Поцелуй получился обоюдно горячий и взаимно трепетный, пылкий в засос. Оправившись от него довольный Санька даже позволил себе заметить словами поэта: «И я свои взволнованные губы примкнул к её трепещущим устам!» Наташке это изречение понравилось, она счастливо заулыбалась, плотнее прильнув к Саньке.

– Вот так я люблю гулять, чтоб губы в губы и чтоб между нами все было шито-крыто, – высказалась она, удовлетворенная поцелуем.

Зачарованные весенним буйством природы, они в обнимку стояли на самом берегу озера и наблюдали, как полная луна, не поднимаясь высоко от крыш построек на том берегу, ярко светила своим бледно-золотым светом. Проложив на поверхности воды серебристую россыпь чешуи, она причудливо отражаясь от поверхности, казалось, утонула в глубине озера.

– Наташеньк, смотри-ка, ноченька-то словно в золоте купается! – любуясь серебряной россыпью водяных бликов, любезно улыбаясь, проговорил Санька.

– А я и так уж смотрю, не на ночь, а одно очарование! – отозвалась она.

А в зарослях тростника торопливо и неугомонно напевает свою трескучую песенку камышовка-барсучок, навевая на эту влюбленную пару неописуемую нежность друг к другу и порывы в любви.

– Эх, вон, кто-то умер! – вдруг проговорил Санька.

– А почему ты знаешь? – спросила она.

– А ты разве не видела, звезда с неба сорвалась? Это значит кто-то из людей умер.
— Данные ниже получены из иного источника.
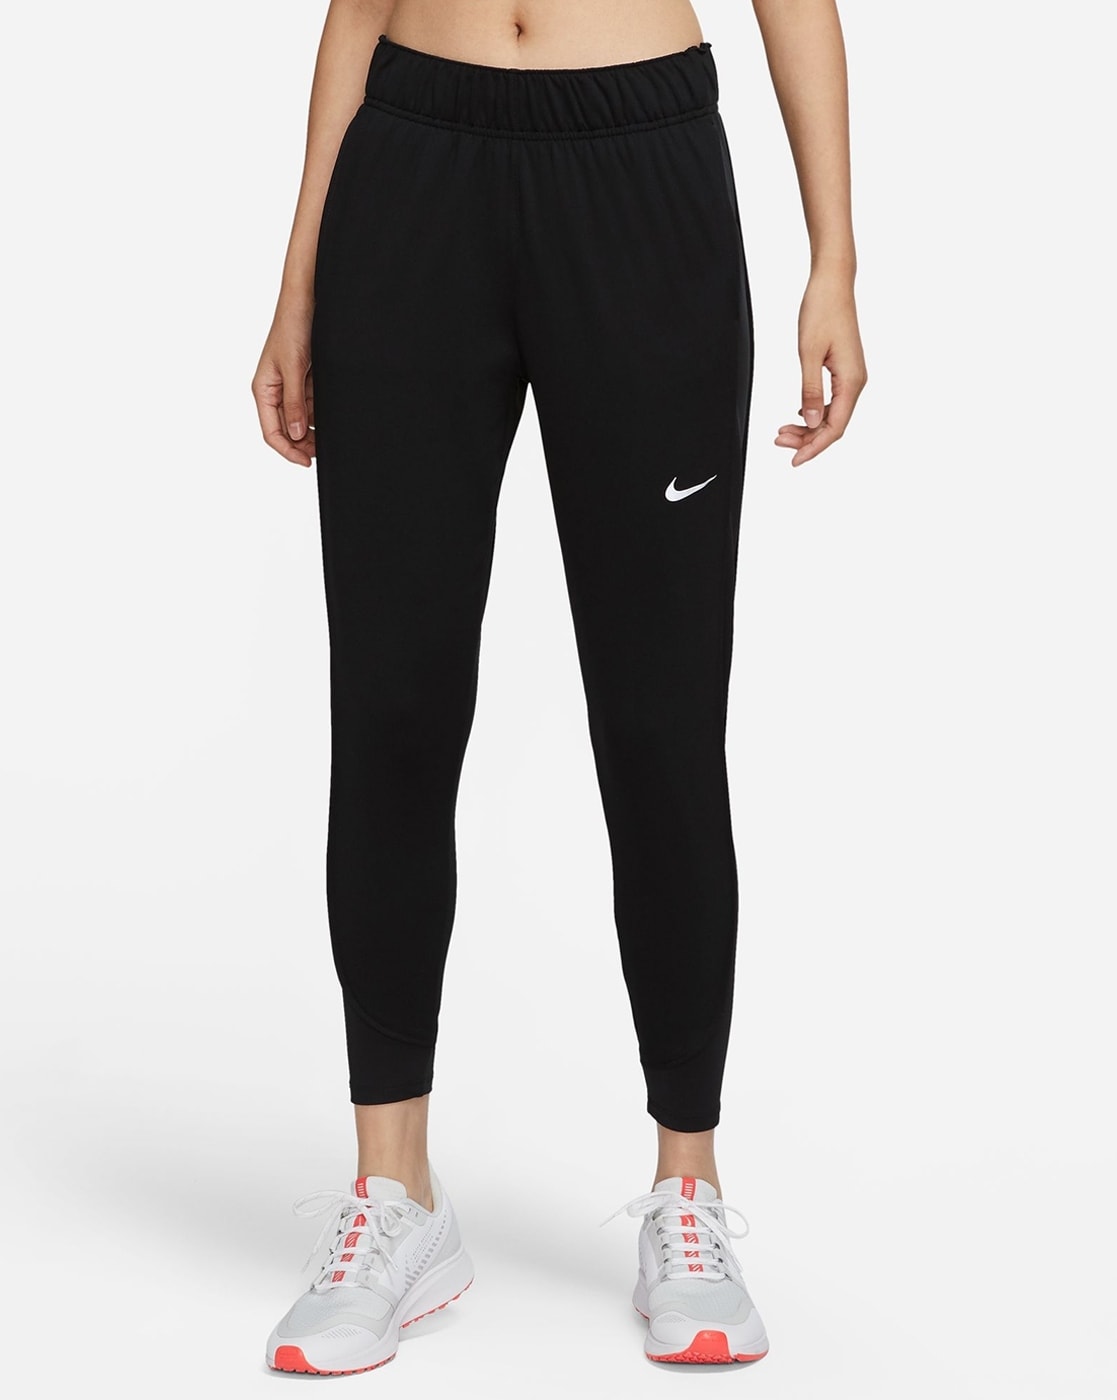 Nike Plus Size Air Hi-Rise Pants | Pants for women, Foot locker, Pants

– Это почему? – дознавалась она.

– А как же? Ведь у каждого человека на небе своя звезда есть. Народился человек, на небе его звезда загорелась, помер он, и она с небосвода скатывается. Так что на небе и моя, и твоя звезда есть.

– Эх, вот бы отыскать мне свою звезду на небе, – мечтательно протянула Наташка.

– Сегодня уже поздно, а завтра поищем, постараемся найти, – пообещал ей Санька.

– Я согласна! – играючи помахивая веточкой цветущей черемухи, отмахивая от себя надоедливых комаров, ответила она.

 

– Давай присядем, а то ноги уже устали.

И они уселись на бревно, лежащее около амбара около озера. Они просидели долго, не заметили, как время завалило за полночь. Прижавшись друг к другу, свой душевный разговор, перемеживая со сладостными поцелуями, они с интересом наблюдали за всем происходящим вокруг. Смотрели на зеркальную гладь поверхности озера, изредка взбаламутившуюся карасем-полуночником, слушали пение камышовки и заядлые выкряки лягушек, любовались полной луной и нежной голубизной весеннего неба, наблюдали как облако в форме пса с открытой пастью медленно придвигалось к маслянистому на вид к диску луны, словно намереваясь его проглотить. Луна медленно поднималась по небосводу ввысь к полуночи, она вздербарашилась на самый верх своего невидимого пути, отбрасывая от деревьев и построек короткие тени. Визуально созерцая все это, что происходит вокруг, прижимаясь к Саньке, Наташка, не совсем осознавала, к чему все это ее приведет.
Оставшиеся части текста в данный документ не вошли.